Shrinking provenance cannot be undone: even if you โknowโ there is a larger allocation, you canโt derive a pointer with a larger provenance. Similarly, you cannot โrecombineโ two contiguous provenances back into one (i.e. with a fn merge(&[T], &[T]) -> &[T] ).
That said, while the provenance cannot be reestablished, I don't think it's UB if you know the pointer is valid...
I changed the &mut Mem<'m> into a MemView<'_, 'm>, which is essentially the same but doesn't allow swapping the Mem<'m>, only forwarding operations. Then I fixed MIRI by keeping around a raw pointer to the whole allocation as a way to keep the original provenance.
Aha, that's almost it! I think it's relatively important to keep using the Mem type, so that its possible to recursively sub-divide both 'm and 's further, but that seems achievable!
Given a MemView you can still keep subdivide it recursively though.
I feel like you need some pretty weird trick to keep the &mut Mem<'m> argument in the closure since it pretty much allows the user to change it how they want, including "extracting" the inner slice.

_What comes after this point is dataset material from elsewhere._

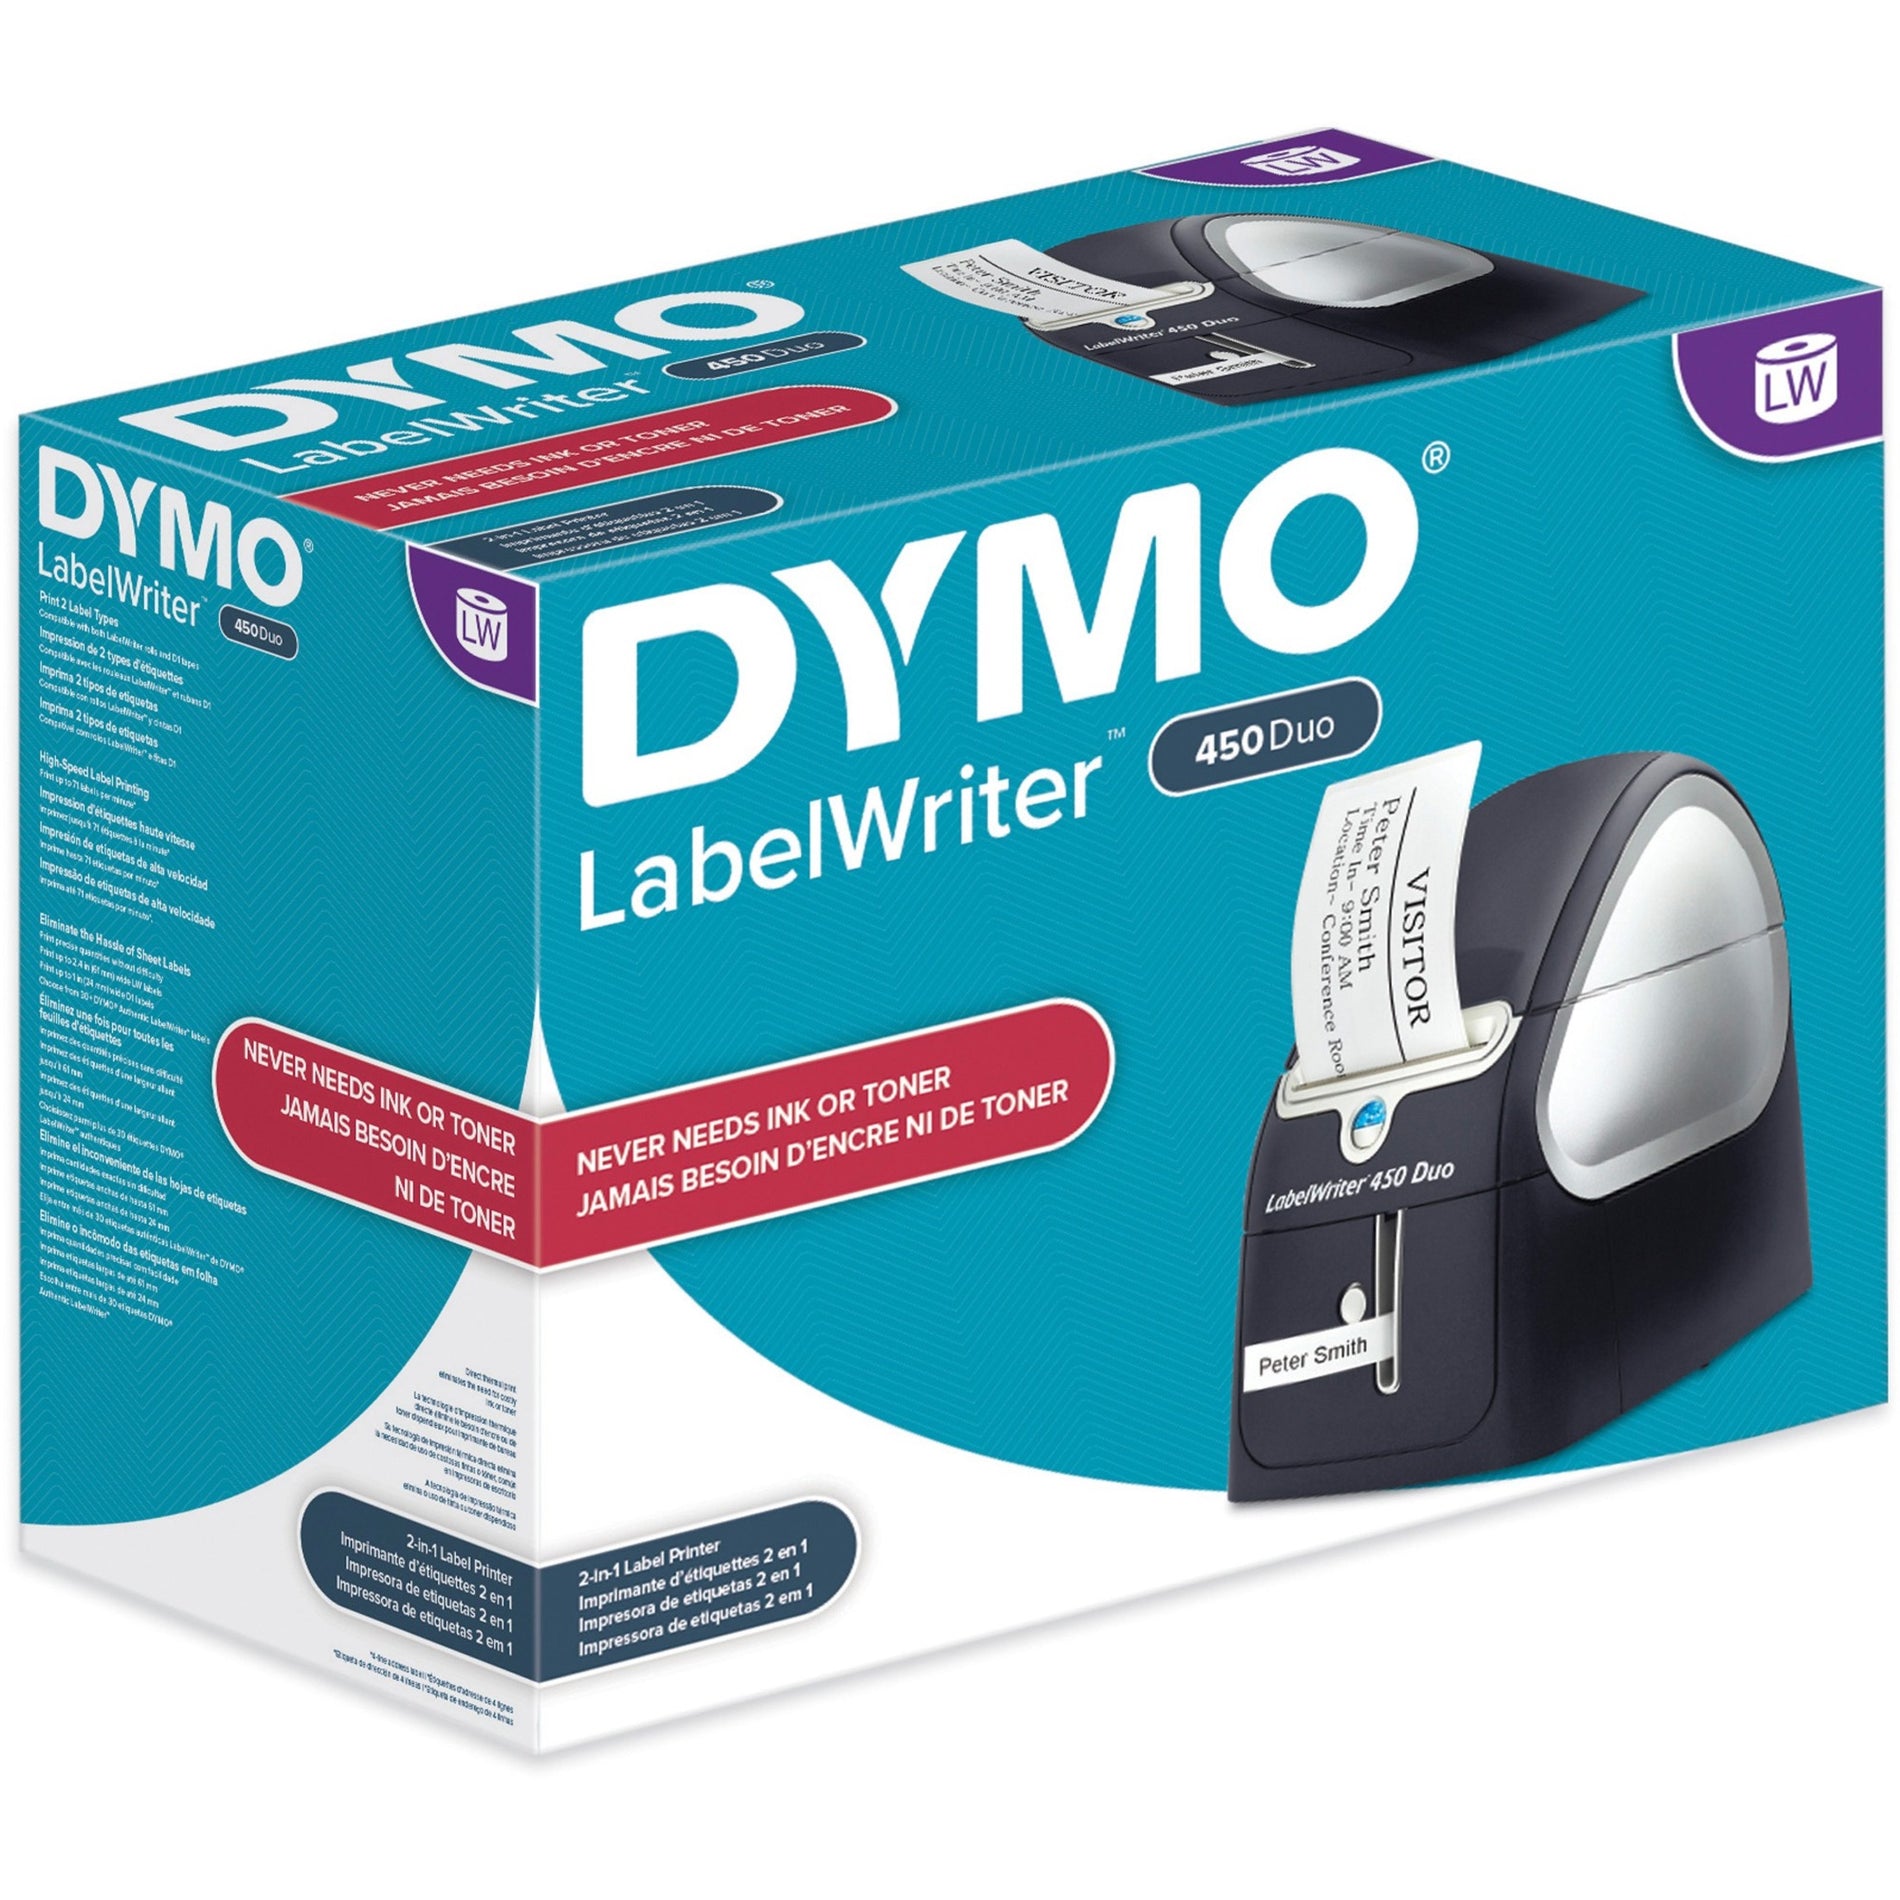 Dymo 1752267 LabelWriter 450 Duo Label Printer, USB Connectivity, 71 Labels Per Min., BK/PM

They have the same API, but different types, so the client needs to choose between Mem or MemView. This is solvable by always using MemView and allocating a dummy MemView at the start, but then MemView has an extra lifetime...
Maybe a middle-ground could be Mem<'m, View = ()>, and have the new() yield a Mem<'m>, but the alloc and so on APIs would be generic over it. Finally, the with_scrap would then offer &mut Mem<'m, View> for some struct View(()); or smth like that.
It's basically the MemView suggestion but hidden within a generic parameter, to avoid code duplication / keep the docs readable
Regarding the OP, I think the key line / notion is about this operation:
let (hd, tl) = (
slice::from_raw_parts_mut(ptr.add( 0 ), mid ),
slice::from_raw_parts_mut(ptr.add(mid), size),
);
self.raw = hd;
ret = scope(self, &mut Mem::new(tl));
let new_len = self.raw.len();
let new_ptr = self.raw.as_mut_ptr();
// Imbue `new_ptr`, with the original provenance of `ptr`
// (one thus spanning over the last `size` bytes, contrary to that of
// `new_ptr` โ `hd` )
let new_ptr = ptr.offset(new_ptr.offset_from(ptr)); // ๐
self.raw = slice::from_raw_parts_mut(new_ptr , new_len + size);
This p.offset(q.offset_from(p)), i.e., p + (q - p) in pseudo-code, is the typical way to get a pointer whose address is that of q, and yet retains its original provenance, since offsets don't alter it. Hopefully with with_addr() and the rest of the provenance-based APIs this will be easier to write.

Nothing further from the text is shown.